Scientific classification
- Kingdom: Plantae
- Clade: Tracheophytes
- Clade: Angiosperms
- Clade: Eudicots
- Clade: Rosids
- Order: Oxalidales
- Family: Cunoniaceae
- Genus: Karrabina
- Species: K. benthamiana
- Binomial name: Karrabina benthamiana (F.Muell.) Rozefelds & H.C.Hopkins
- Synonyms: Geissois benthamiana F.Muell.; Geissois benthami spelling variant by F.Muell.; Weinmannia benthamiana (F.Muell.) F.Muell.; Geissois benthamii spelling variant by A.D.Chapm.;

= Karrabina benthamiana =

- Genus: Karrabina
- Species: benthamiana
- Authority: (F.Muell.) Rozefelds & H.C.Hopkins
- Conservation status: LC
- Synonyms: Geissois benthamiana , Geissois benthami , Weinmannia benthamiana , Geissois benthamii

Species of tree

Karrabina benthamiana is a species of rainforest trees, growing naturally in north–eastern New South Wales and south–eastern Queensland (mid. eastern coastal region), Australia. They have common names including red carabeen, leather jacket, brush mahogany, red bean, pink marara and brush mararie. This species used to be placed in the genus Geissois as Geissois benthamiana.

== Habitat ==

Common in warm temperate and sub tropical rainforest areas, often seen in mountain gullies. It grows from near the Manning River area in New South Wales to near Tamborine Mountain, south eastern Queensland.

== Description ==

The Red Carabeen is a large tree to around 35 metres tall, and 140 cm in diameter. The trunk is round in cross section and often buttressed at the base. Bark is a wrinkly brown.

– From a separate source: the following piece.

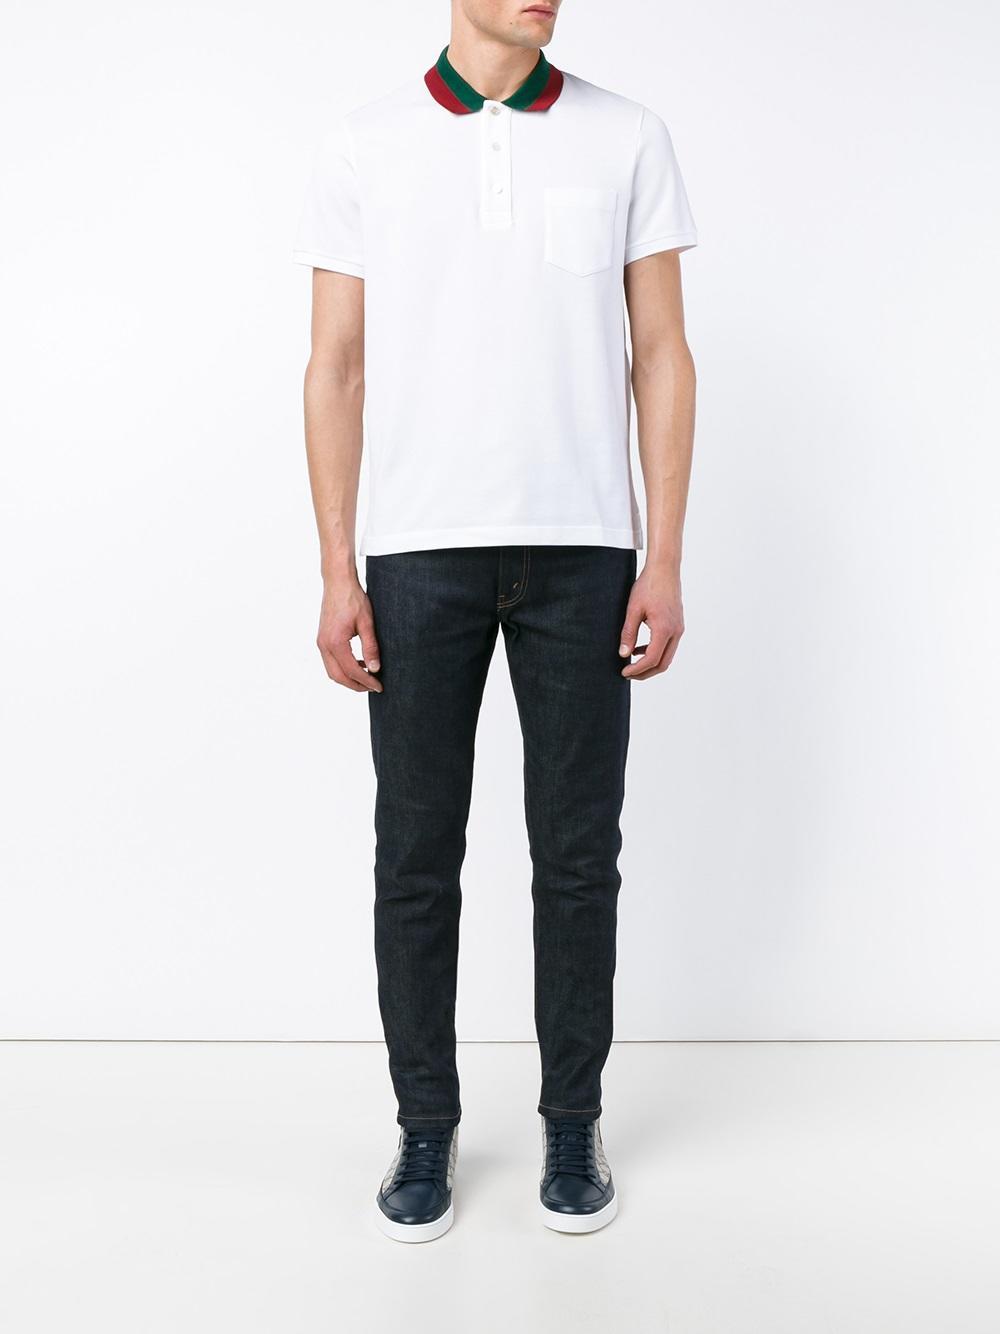 Gucci - Web Collar Polo Shirt - Men - Cotton/spandex/elastane - M in ...

Leaves are pinnate and opposite with three leaflets. Leaflets significantly toothed. 5 to 15 cm long, smooth and green on both surfaces, darker above. New growth is bright red.

The midrib and lateral leaf veins are evident on both surfaces, conspicuously raised beneath. Twelve to sixteen net veins ending in a leaf tooth.

Flowers appear from October to January being yellow, in a slender raceme. The fruit is a downy capsule; almost cylindrical. Several flat seeds in each cell of the two cells in the capsule. Ripe from May to August, or irregular. Unlike many Australian rainforest trees, seed germination occurs rapidly.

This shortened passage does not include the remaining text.